# Moonfish/Look Down



## soapfish (Aug 15, 2001)

10/06 about 1am, a buddy and I went to the 8th street bridge in Delray Beach this morning looking for some Look Down/Moonfish. I'm not sure what to call them but they are very good eating, you just need a lot of them. The waterway was covered up in finger mullet that were being busted left and right by what appeared to be either snook, tarpon or large ladyfish or all at the same time. It was some fireworks show with mullet showering out of the water from time to time. Lots of loud popping sounds.
It would have taken at least an hour to retreive the proper equiptment needed to keep some of those big boys out of the pilings. My buddy and I had 2 and 4 pound test spinners and tiny jigs for the Moonfish. We caught four Moonfish and both of us lost the three extra little jigs we had each to the larger fish.
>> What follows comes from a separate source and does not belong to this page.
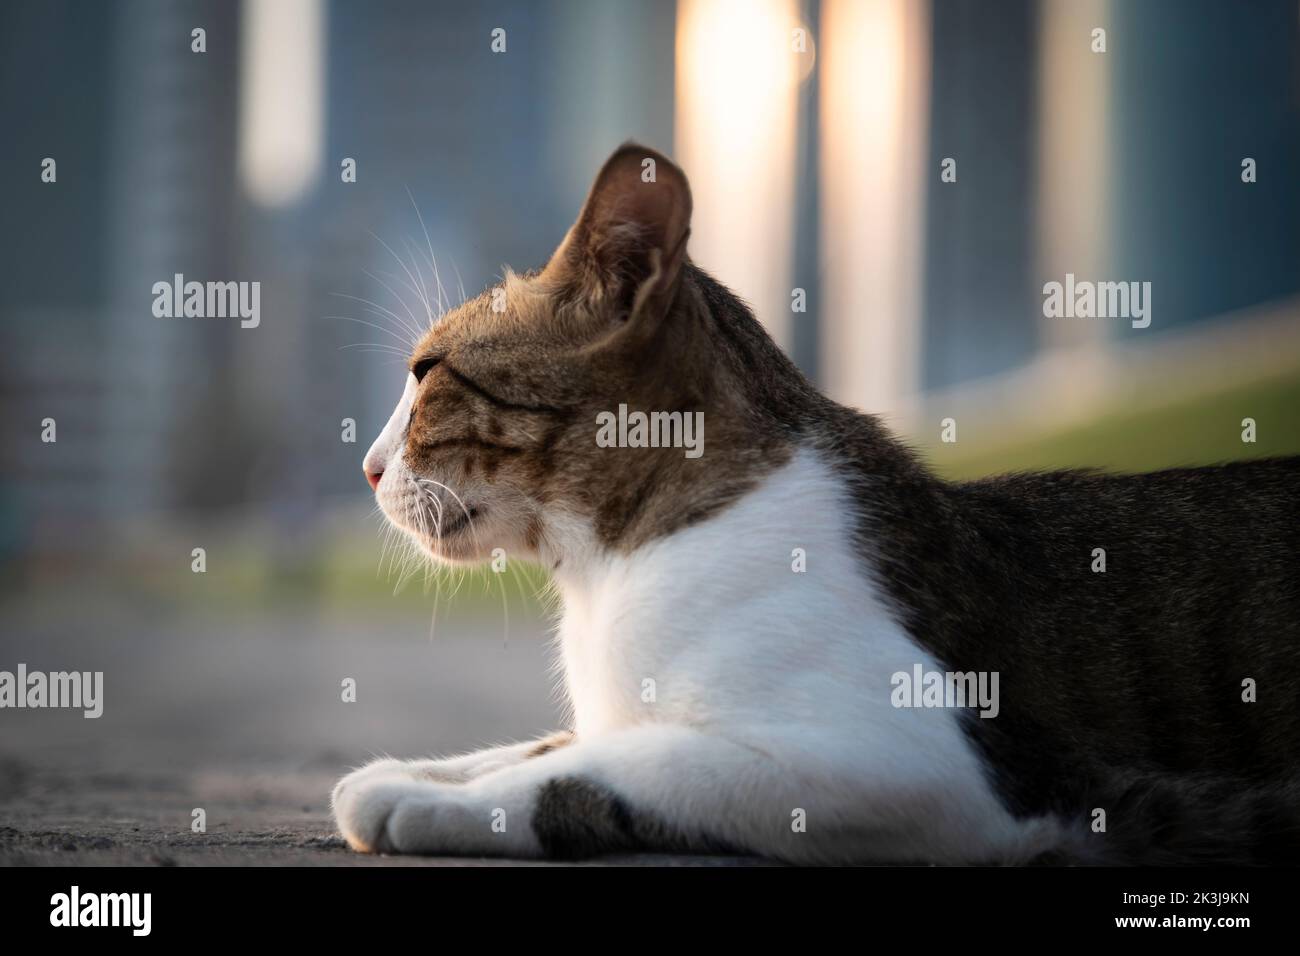 Adorable Calico cat lying on the street Stock Photo
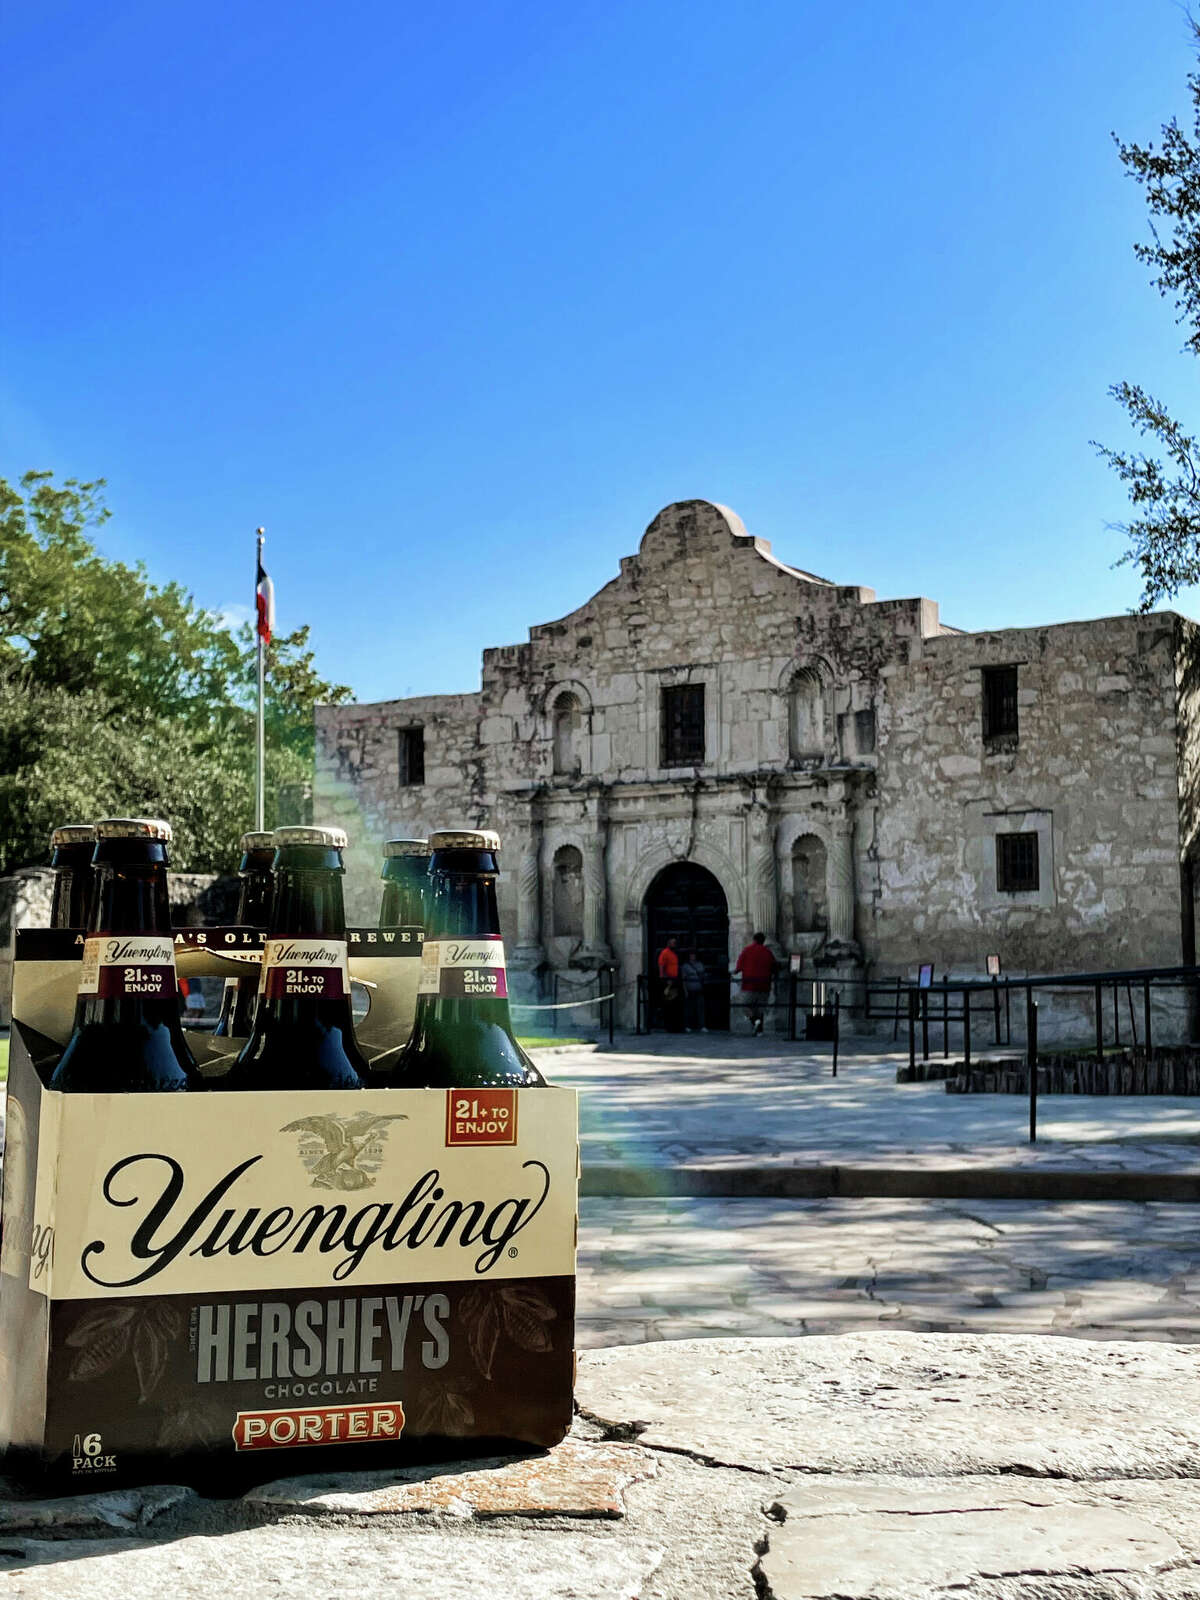 Yuengling Hershey's Chocolate Porter is available for the first time in Texas starting Oct. 17.

Every time we would be hit by one of the big ones it was on for less than a count of 2 before the line broke.
Might try it again tonight with the proper rod and reels.

Soapfish


----------



## snook hunter (Dec 7, 2008)

How did you do when you went back?


----------



## BentHook (Dec 22, 2002)

When you cook your lookdowns, do you leave all the tiny bones and cook them like you would a stew.I've heard they taste good but just to hard to fillet.They are supose to be good bait for kings but I've never had any luck with them and they die quick.


----------